The rental stores Warner boycott

Many of you will be aware of the current unrest in the rental market. For those that aren't, the basic problem is that Warner have decided to charge rental stores more for rental product which is released on the same day as retail. The obvious example is this week's release of Training Day - it'll cost retail stores around £10 a copy (give or take a couple of pounds) to sell on to the public, whereas the same disc will cost rental stores such as Blockbuster and Choices around £25, with the added restriction that the disc cannot be sold as 'ex-rental' until eight-weeks after release.

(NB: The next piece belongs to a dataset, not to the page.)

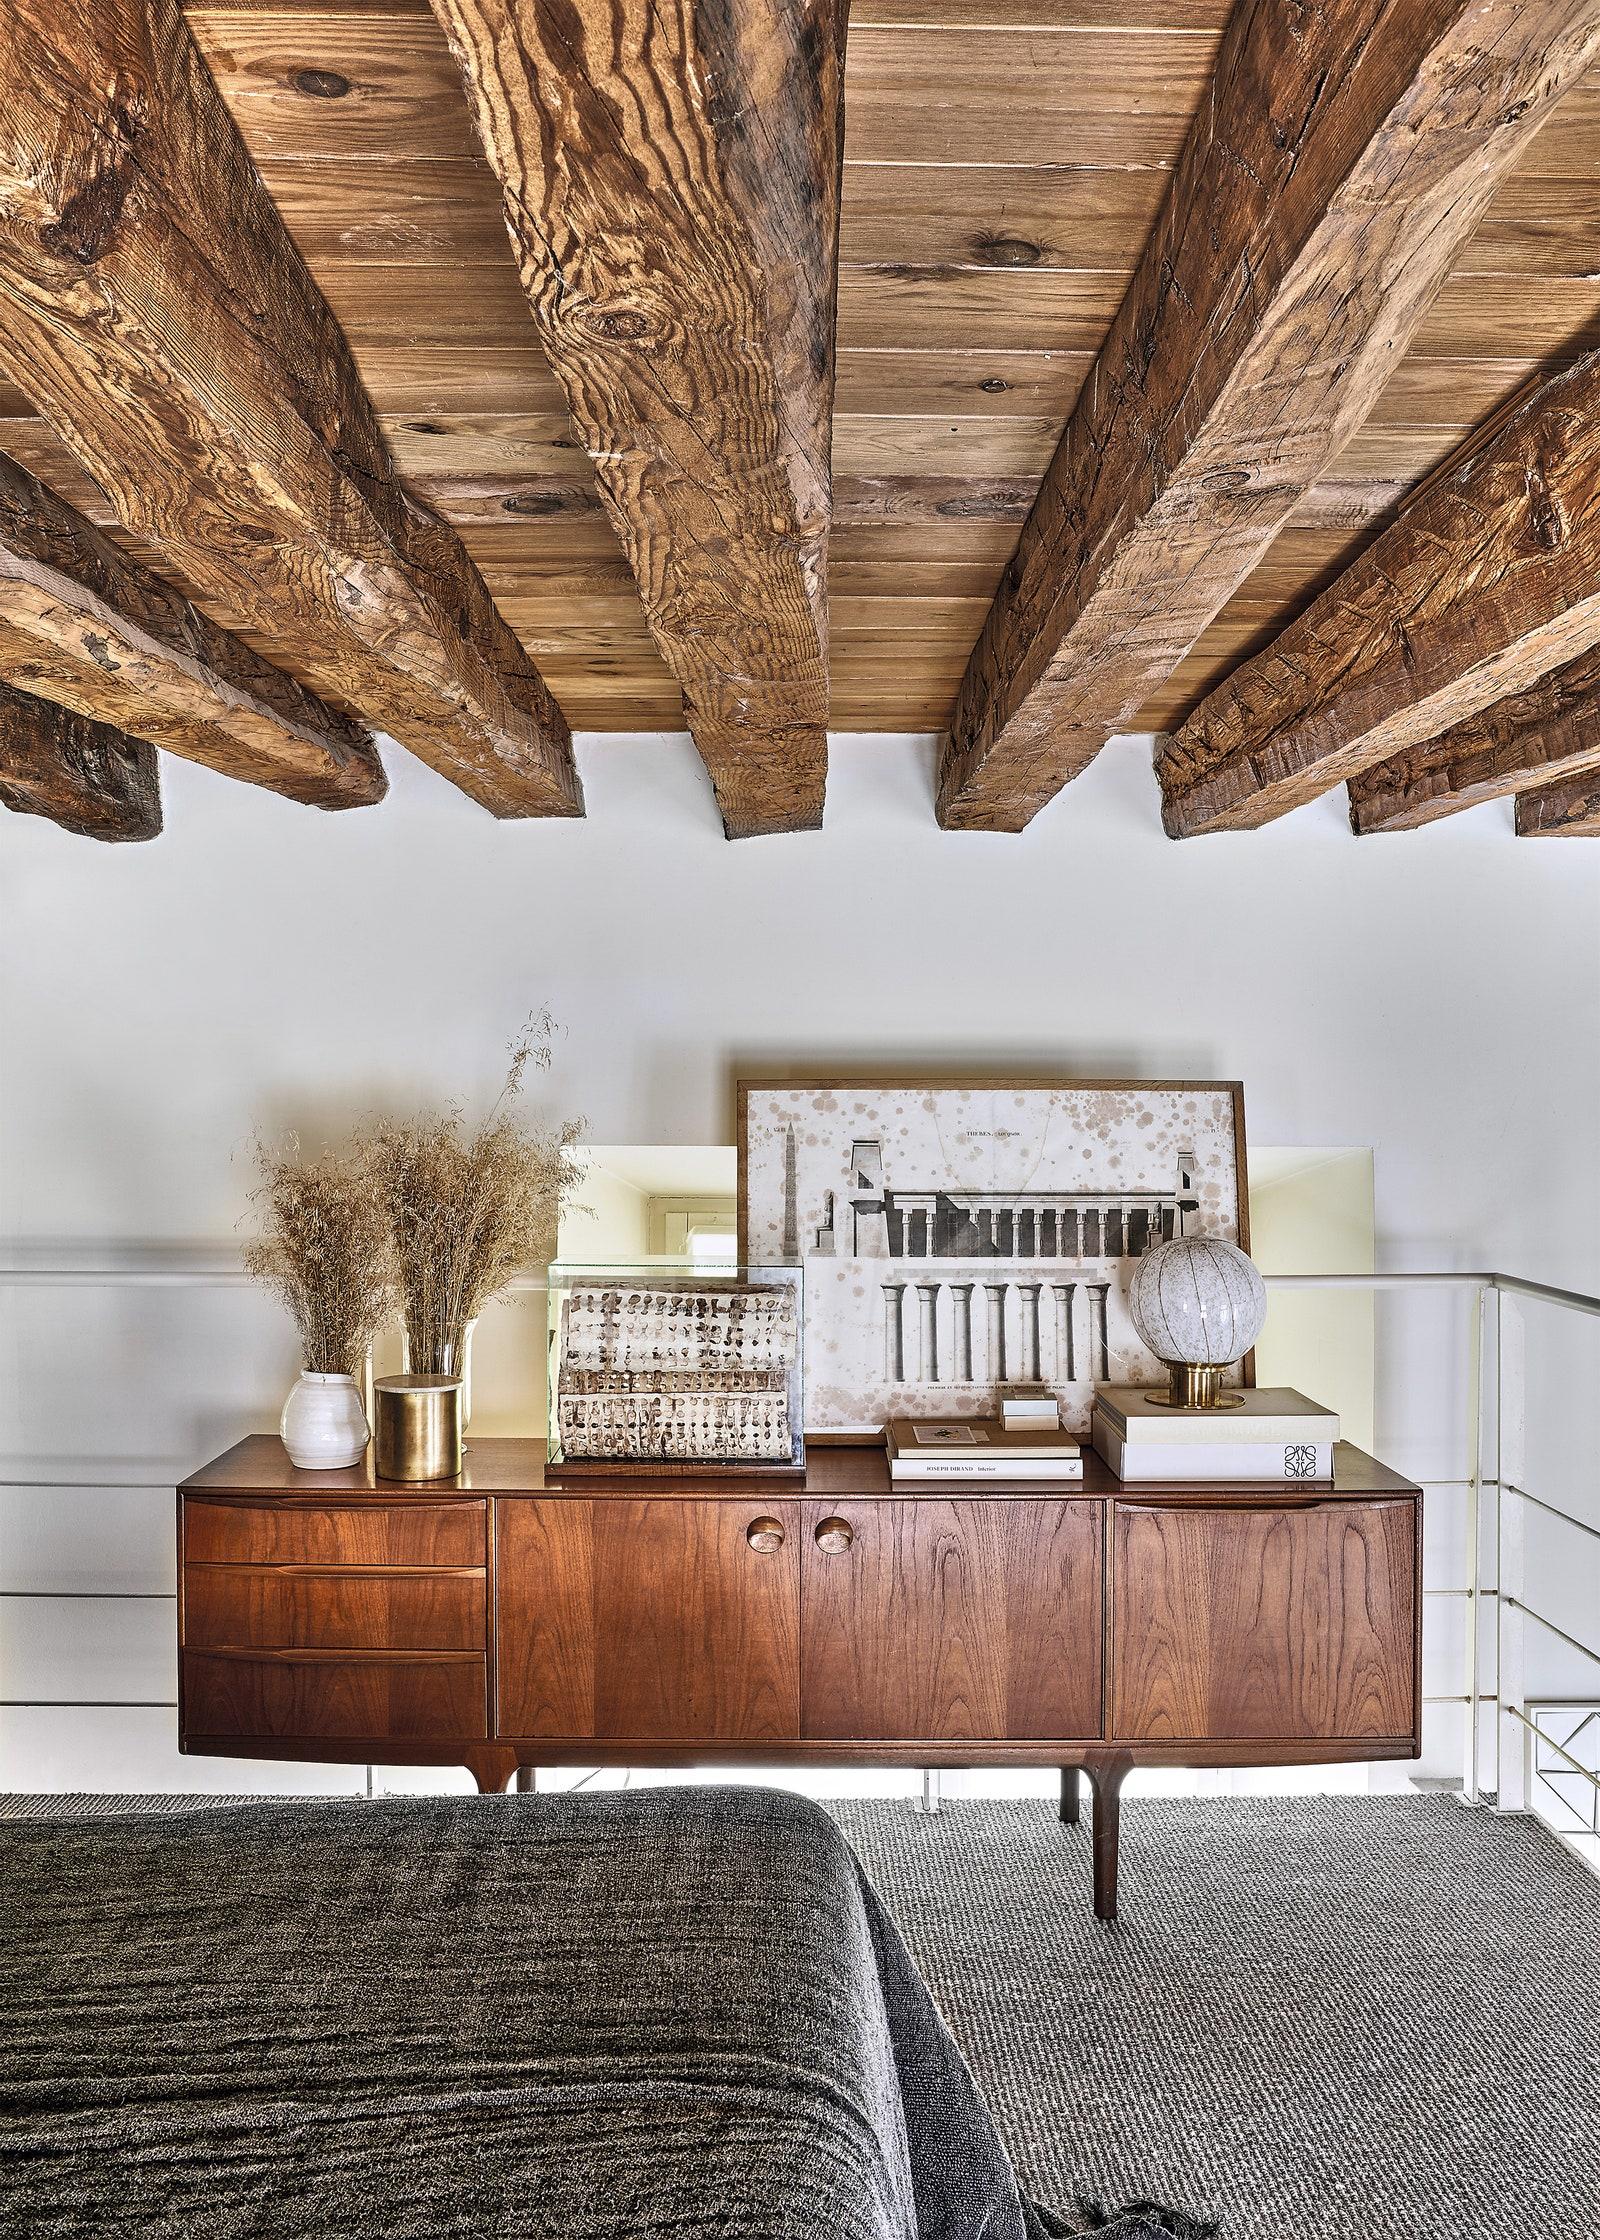 este_verano_practica_nesting_decoración_interiores_lifestyle_consejos-11
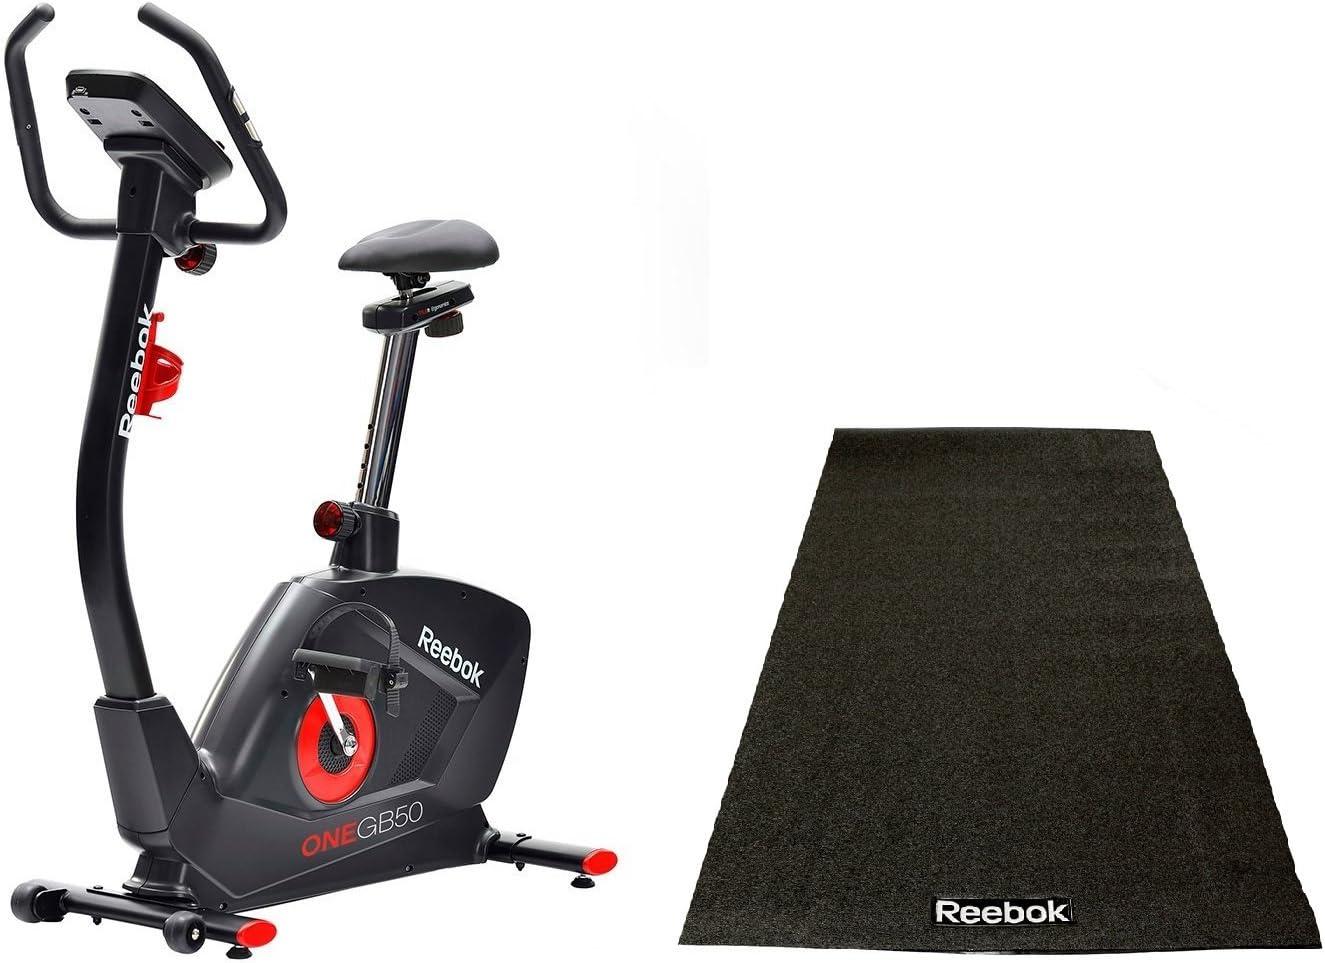 Reebok estática One Series gb50 Incluye Esterilla: Amazon.es: Deportes y aire libre

Now, the rental stores are less than happy with this and starting with Training Day are boycotting Warner's discs 'in the interests of consumers'. What I want to ask is how this is in our interests?

Let's put this into perspective. A rental store can buy as many copies of Training Day as they want at £25 a shot. These can then be rented out to the public for eight weeks before being sold on for what they cost. Most rental stores allow DVD rentals for one night at a time at around say, £3.50, so for each disc seven rentals is all that's required to offset the initial outlay. It should therefore not be difficult to work out that it will take around a week to recoup the costs of one DVD. After this, everything the rental store makes is profit, augmented by the final income as a result of the ex-rental sale.

I am going to make an assumption that for a popular title when spread over the eight-week rental period, the disc is rented out around 50% of the time (obviously it'll be rented more at the beginning than at the end, if any rental store owners want to correct me on these figures then feel free and I'll adjust this article accordingly). This would therefore equate to 28 rentals of a disc at £3.50, which in turn equates to £98. Add on around £10 for the ex-rental sell on value and we have £108 - a potential profit per copy of around £83 (instead of around £98 at retail DVD prices).

The retail stores buy their discs at around £10 selling the disc on at anything from £11.99 to £15.99 depending on the store and discounts. A potential profit per copy of between £2 and £6.

How does boycotting Training Day help consumers? It's a very good question, and one that I really can't find a suitable answer for. Maybe the rental stores may say that they'll have to charge more to rent out the discs but given the arithmetic above we can see that's not the case. As I see it, this is an attempt by the rental industry to hold on to the quickly disappearing rental windows - although it's hard to feel sympathy for the larger chains.

All of the big chains are taking part in this boycott - but this rental pricing structure is going to have no effect on their profits. Only a few smaller independent stores are boycotting the product - and those that aren't that I have spoken to agree that this is all about the greed of the larger stores.

It'll be interesting to read your thoughts on the situation.